R/datasets_anon.R

#' @docType data
#' @keywords datasets
#' @name corral_augmented
#' @usage data(corral_augmented)
#' @title Augmented corral data set: synthetic data with correlated attributes augmented with noise features
#' @description This is an artificial domain where the target concept is (X1^X2) V (X3^X4). \cr
#' Data set by R. Kohavi. Training and test splits from SGI. \cr
#' The first 6 features are the real features from the original corral data set.
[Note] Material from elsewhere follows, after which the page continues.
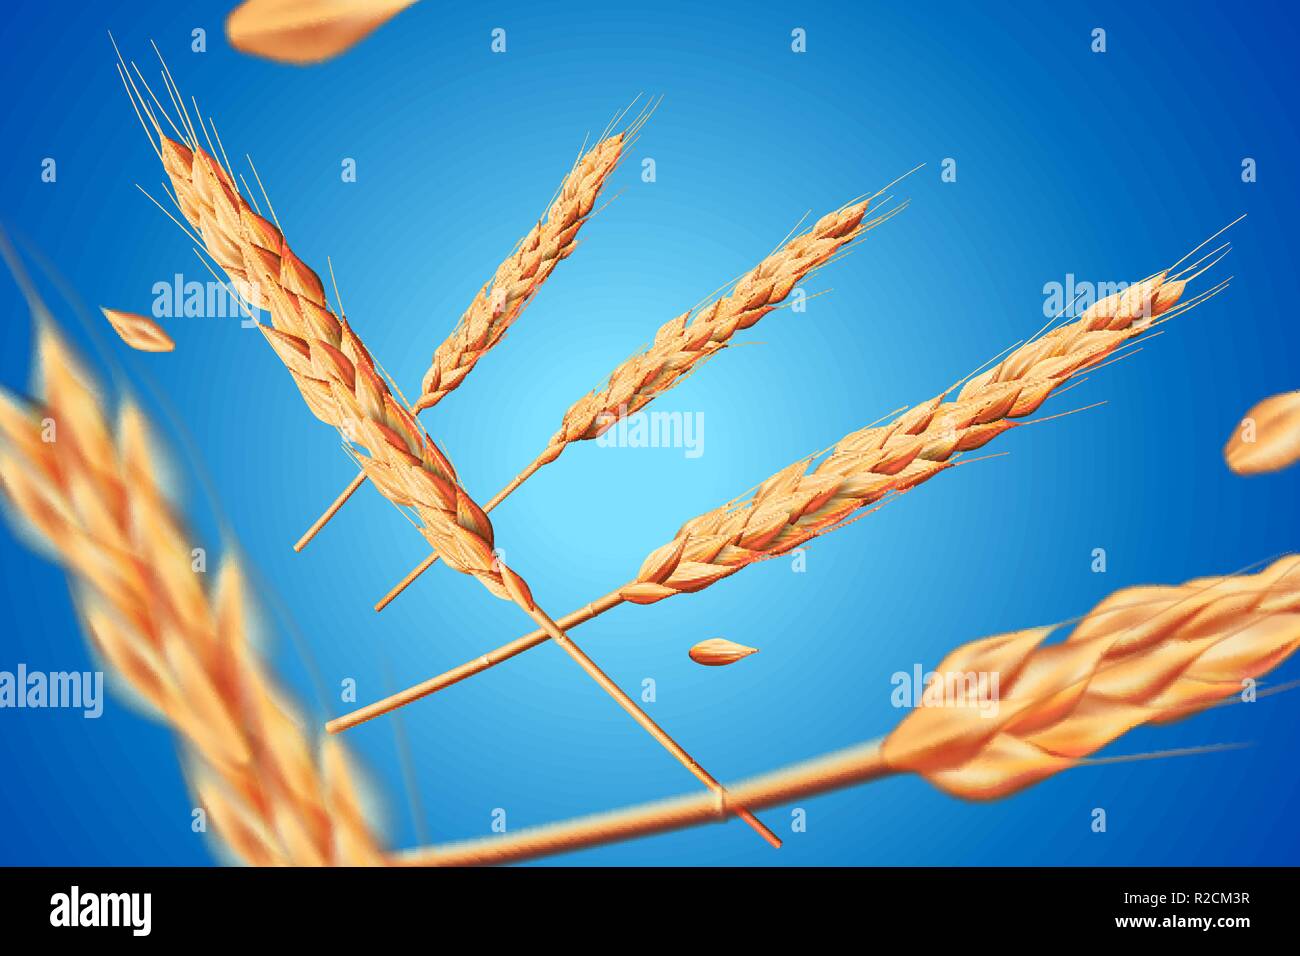 Realistische Weizen, Hafer Elemente. Flying detaillierte Gerste auf blauem Hintergrund für gesunde Ernährung oder Landwirtschaft design isoliert. Vector 3d-Abbildung. Stock Vektor

#' The rest are noise features added by Author by shuffling copies of real features.\cr
#' The SBFC paper uses subsets of this data set with the first 100 and 1000 features. 
#' @format \describe{
#' \item{\code{TrainX}}{A matrix with 128 rows and 10000 columns.}
#' \item{\code{TrainY}}{A vector with 128 rows.}
#' }
#' @examples corral_result = sbfc(data=list(TrainX=corral_augmented$TrainX[,1:6],
#'                                          TrainY = corral_augmented$TrainY))
#' corral100_result = sbfc(data=list(TrainX=corral_augmented$TrainX[,1:100], 
#'                                   TrainY = corral_augmented$TrainY))
#' @references \href{http://www.sgi.com/tech/mlc/db/corral.names}{SGI listing for corral data set}
NULL

#' @docType data
#' @keywords datasets
#' @name heart
#' @usage data(heart)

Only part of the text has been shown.